На следующий день я раздавал счастливым однокурсникам причитающиеся им стипешки. И никто из них не знал, что накануне вечером, из-за моего разгильдяйства и болдыревского Хармса, все эти деньги могли пойти на пропой красномордому милицейскому старшине. Я и сам, как вспомню об этом случае, так и вздрогну…

Как полиция НЛО винтила

Из цикла «Истина где-то рядом…»

Коля Кабачков – полицейский капитан и мой бывший однокурсник, сменивший журналистику на более денежную и не менее весёлую работу участкового уполномоченного, однажды сказал мне за рюмкой чая:

– Старина, запомни: если вдруг в городе приземлится НЛО, то эту тему «спустят» не кому-нибудь, а нам, ментам участковым!

Мог ли Колька догадываться тогда, насколько его слова близки к истине, и насколько он сам, в своих капитанских погонах и полицейской фуражке, оказался близко к Межпланетному Разуму и контакту с иными мирами? Фуражка, она, конечно же, сверху похожа на посадочную площадку, такая же ровненькая и круглая, да ещё и красным кантом по окружности обведена. Но никак друг мой Колька не мог и подумать, что НЛО свалится ему, едва ли, не в прямом смысле слова, на голову.

Капитан Кабачков заступил на дежурство с чувством лёгкой тревоги: ментовско-полицейская интуиция подсказывала, что сегодня, именно сегодня, должно случиться Нечто. Правда, дружной вереницей шедшие посетители, вернее, посетительницы, ввергали своими заявлениями капитана с неба на землю, не давая слишком долго воспарять в высоких эмпиреях. Первой в его кабинет вошла средних лет, хорошо одетая дама.
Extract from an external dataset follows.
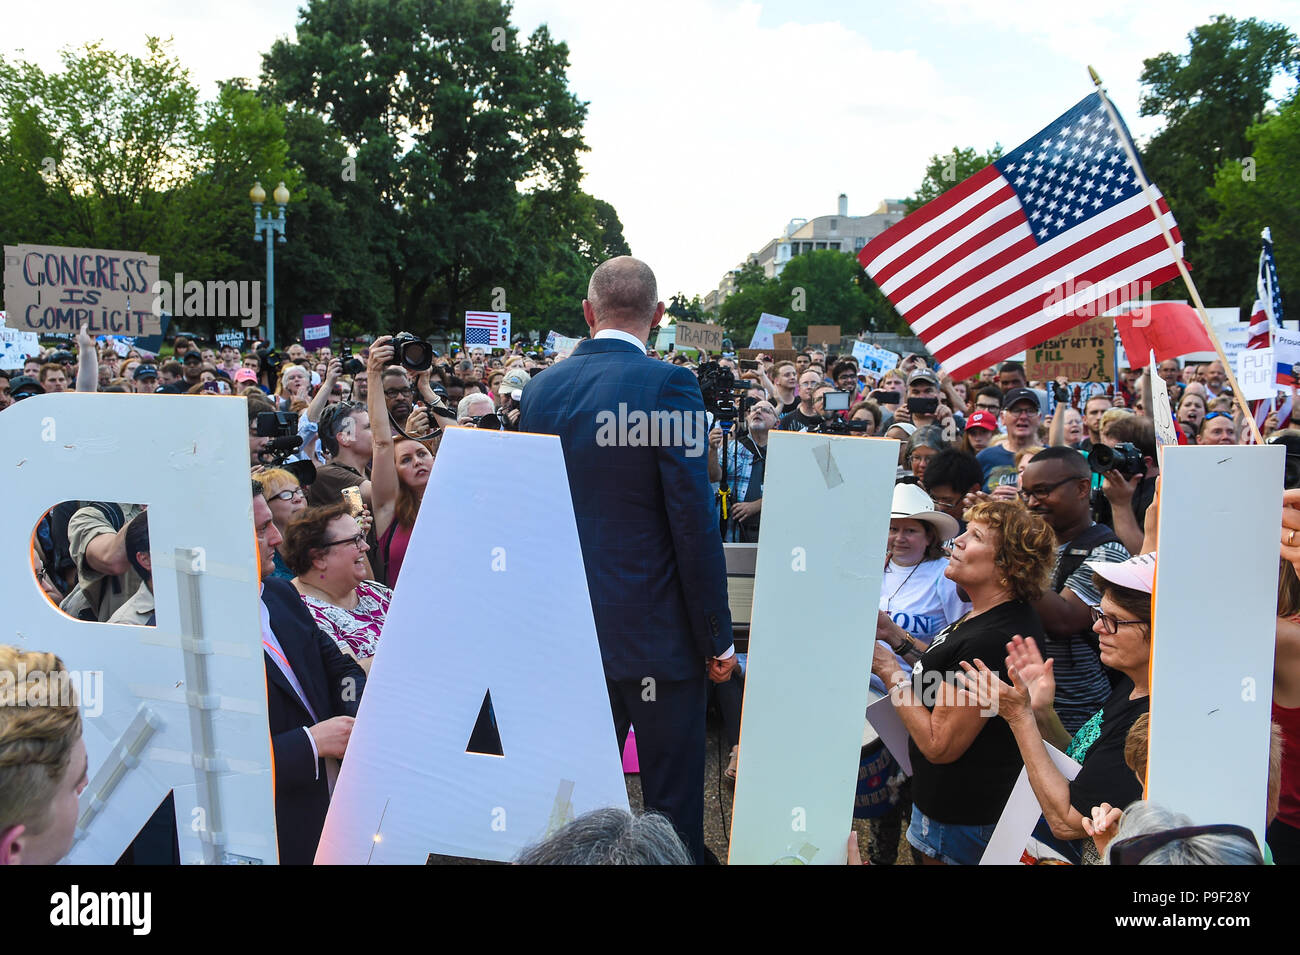 Washington DC, USA. 17th July 2018. Michael Avenatti speaks to the crowd at an event he organized during a protest in front of the White House, just two days after Donald Trump's gaffs in Helsinki, Finland with Vladimir Putin. Credit: Cal Sport Media/Alamy Live News Stock Photo
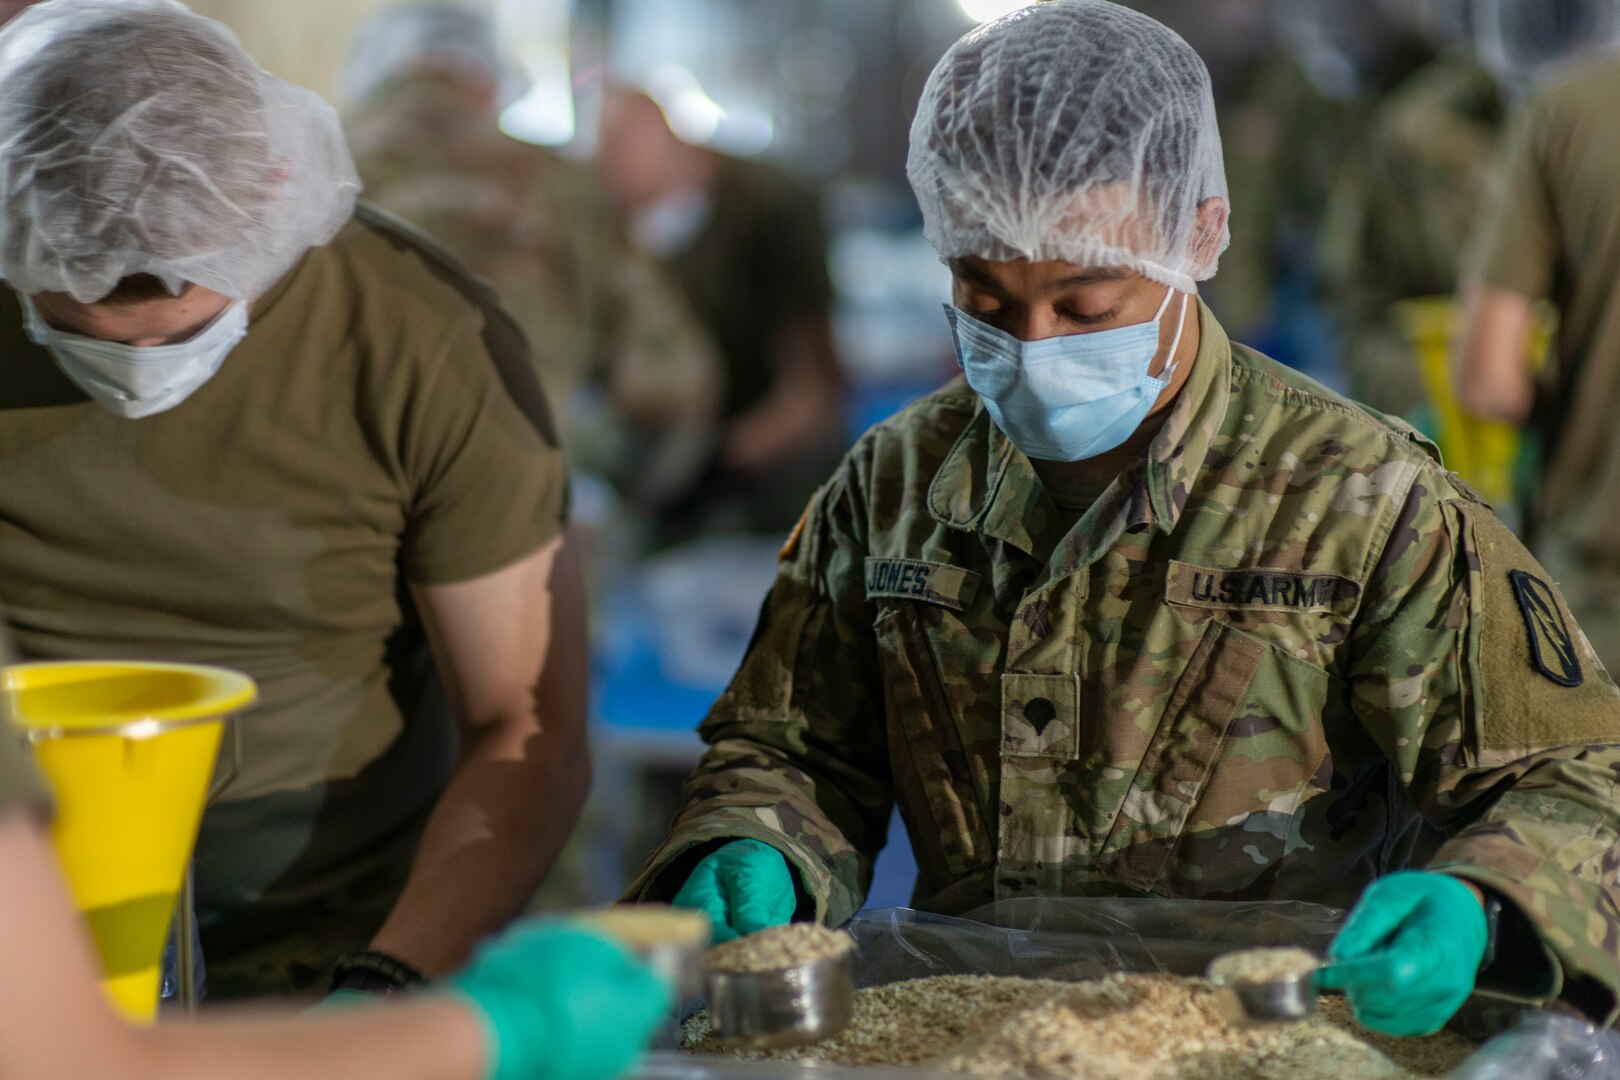 Spc. Dondi Jones, Company A, 2nd Combined Arms Battalion, 137th Infantry Regiment, measures out food in a boxed-meal assembly line operation in Leawood, Kansas, May 1, 2020. Kansas National Guard Soldiers, through The Outreach Program, packaged more than 2 million meals to be distributed to food banks across Kansas.

Она нервно теребила ридикюль, и всем своим видом демонстрировала крайнюю степень взволнованности.

– Товарищ милиционер!.. Прошу прощения, господин полицейский! – для заявительницы новая форма обращения была еще непривычной, – это что за беспредел происходит!? – нервные тонкие пальцы в старых перстнях и кольцах возбуждённо теребили ручку ридикюля, – это же уже форменное беззаконие какое-то!

По опыту Колька предполагал, что сейчас услышит очередную, написанную кровью и слезами, летопись борьбы за парковку у подъезда или триллер о вытоптанном соседскими охломонами-студентами газоне под окнами. Но всё оказалось и проще, и сложнее. Дама выпалила:

– Мои соседи завели собаку! Это же хищник какой-то!

– Собака Вас покусала? – капитан Кабачков привычно положил перед собой лист бумаги и вооружился ручкой, – рассказывайте…

– Какое там «покусала»?! – на лице нервной дамы появилось такое выражение, будто бы участковый только что сморозил какую-то пошлую шуточку. – О чём вы говорите?! Эта тварь, слава Богу, ещё не умеет кусаться, у неё зубов нет! Но она гадит! Гадит прямо на площадке! Вчера, понимаете ли, напрудила, а сегодня какашек навалила!

Кабачков понял, что к прочим его обязанностям сейчас прибавится ещё и необходимость проведения профилактических бесед с несознательными собаковладельцами… Привычно записав показания заявительницы, Колька протянул ей заполненный бланк протокола:

– Распишитесь, пожалуйста, вот здесь, здесь и здесь.

Заявительница послушно поставила в указанных местах свои автографы.

– Всё, можете идти. Вечером зайду к вашим соседям, поговорю с ними, если успею, – Колька про себя уже знал, что ни к каким соседям он сегодня не успеет, да и завтра тоже, а это значит, что тащиться по заявлению ему придётся в выходной.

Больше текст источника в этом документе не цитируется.